Figure 1. Carbon and GHG balances for three alternative coproduction options using natural gas, coal, and biomass to produce liquid fuels and electricity listed in Table 1. A) GTLE‐CCS, B) GBTLE‐CCS‐4.8%, and C) CBTLE‐CCS‐9.2%. 1st Bar shows fuel‐cycle‐wide GHG emission rate for crude oil products displaced by FTL; 2nd and 3rd bars show plant’s C balance (C output = C input); 4th bar shows fuel‐ cycle‐wide GHG emissions by component (positive and negative elements); 5th bar shows net fuel‐ cycle‐wide GHG emissions for FTL.


The economics of energy conversion coupled to CO2 EOR

The Williams Group has carried out an internal rate of return on equity analysis for the energy conversion systems listed in Table 1 to illuminate the economics of CO2 EOR in the absence of a carbon mitigation policy. Figure 2 shows that the most attractive option at high CO2 prices is the PC-CCS retrofit, but at low CO2 prices coproduction options are more profitable.

Most CO2 EOR opportunities are in Texas and near the Gulf of Mexico. There are some old coal plants near such sites, the retrofit of which with CO2 scrubbers would be very profitable, because the current price paid for CO2 at the EOR site is $25 to $40 a tonne. But if an adequate CO2 pipeline infrastructure were in place, then coproduction plants located up to a couple of thousand km from EOR sites would be able to compete in EOR markets because these plants would be profitable even at plant gate selling prices of $0/t (Figure 2), while the cost of long-distance transport via trunk pipelines is likely to be in the range $20 to $30 a tonne. This finding implies that with this infrastructure, captured CO2 from as far away as wellhead-sited gas-based coproduction plants in Pennsylvania and New York using Marcellus and Utica shale gas and coal-based repowering coproduction plants in West Virginia could plausibly be competitive in CO2 EOR markets in both the Gulf region and in Texas.

Figure 2. Internal rate of return on equity (IRRE) for the alternatives to a written‐off coal plant (WO PC‐V ‐ Table 1), as a function of the plant‐gate CO2 selling price for EOR markets. Assumed prices: $2.0, $4.5, and $5.0 per GJ for coal, natural gas, and biomass, and $90/barrel for crude oil.


Policy analysis relating to CO2 EOR and early action on CCS

The above analyses show that CO2 EOR offers the opportunity to launch CCS technologies in the market — even in the absence of a carbon mitigation policy, while generating significant reductions in GHG emissions for both power generation and liquid fuels production, using technologies that could be brought into the market now. Technologies making synthetic fuels and synfuels + electricity are key to making CO2 EOR a major CCS activity, because such systems would be able to compete even in distant EOR markets if an adequate CO2 pipeline infrastructure were in place.
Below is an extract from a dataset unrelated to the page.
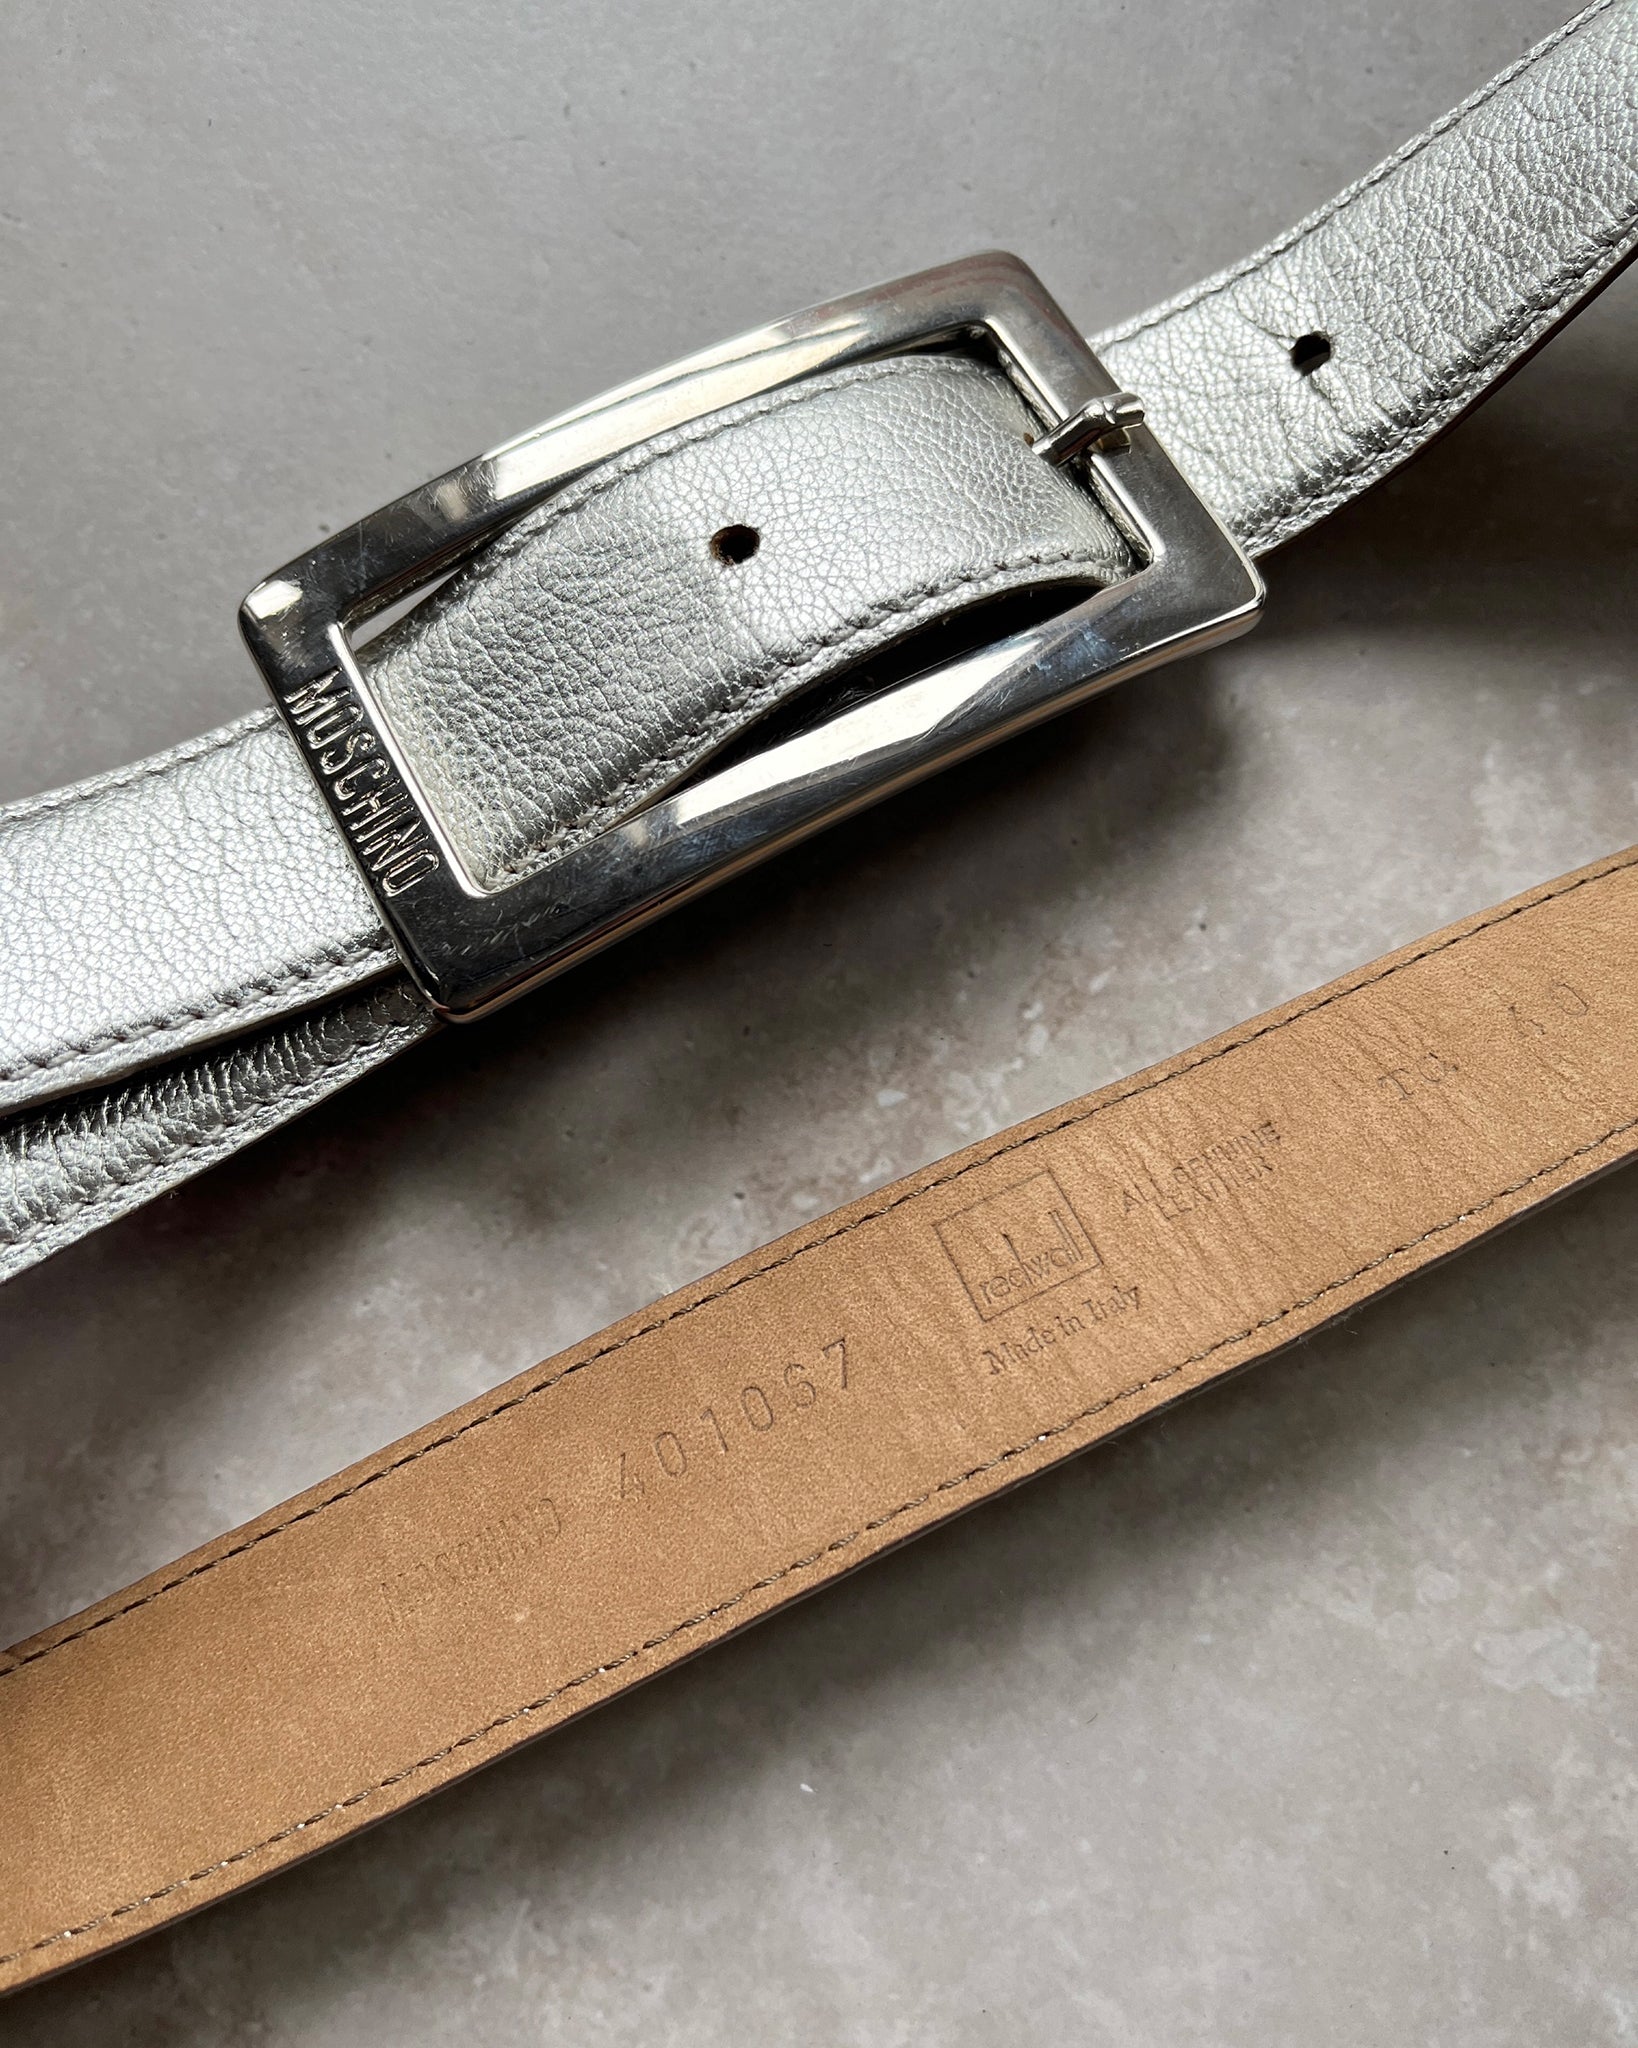 Zara Men's Reversible Leather Belt

But most energy investors and policymakers are unaware of the technologies offering these strategic opportunities, and this situation is likely to persist until one or more of these technologies coupled to CO2 EOR is demonstrated at commercial scale—an undertaking that is likely to require some kind of public sector support. Williams is investigating alternative public policy options by which some support might be provided, giving particular attention to opportunities that don’t require federal government expenditures, in light of fiscal constraints facing the federal government.

One of Williams’ 2011 activities was his participation in the Department of Energy’s Quadrennial Technology Review, the goal of which was to find ways to make the Department more effective in establishing the technologies it is trying to advance in the market. Williams discussed in both QTR meetings and in written submissions to the QTR the strategic importance of CO2 EOR and of tying synfuels and synfuels + electricity projects to CO2 EOR applications. The QTR report released in September 2011, though, made no mention of CO2 EOR.

In October 2011, Energy Secretary Chu asked the National Coal Council to prepare reports on CCS, CO2 EOR, and synfuels. Subsequently the NCC invited Williams to participate in this study. Williams has accepted and intends to bring to that study the perspective discussed here.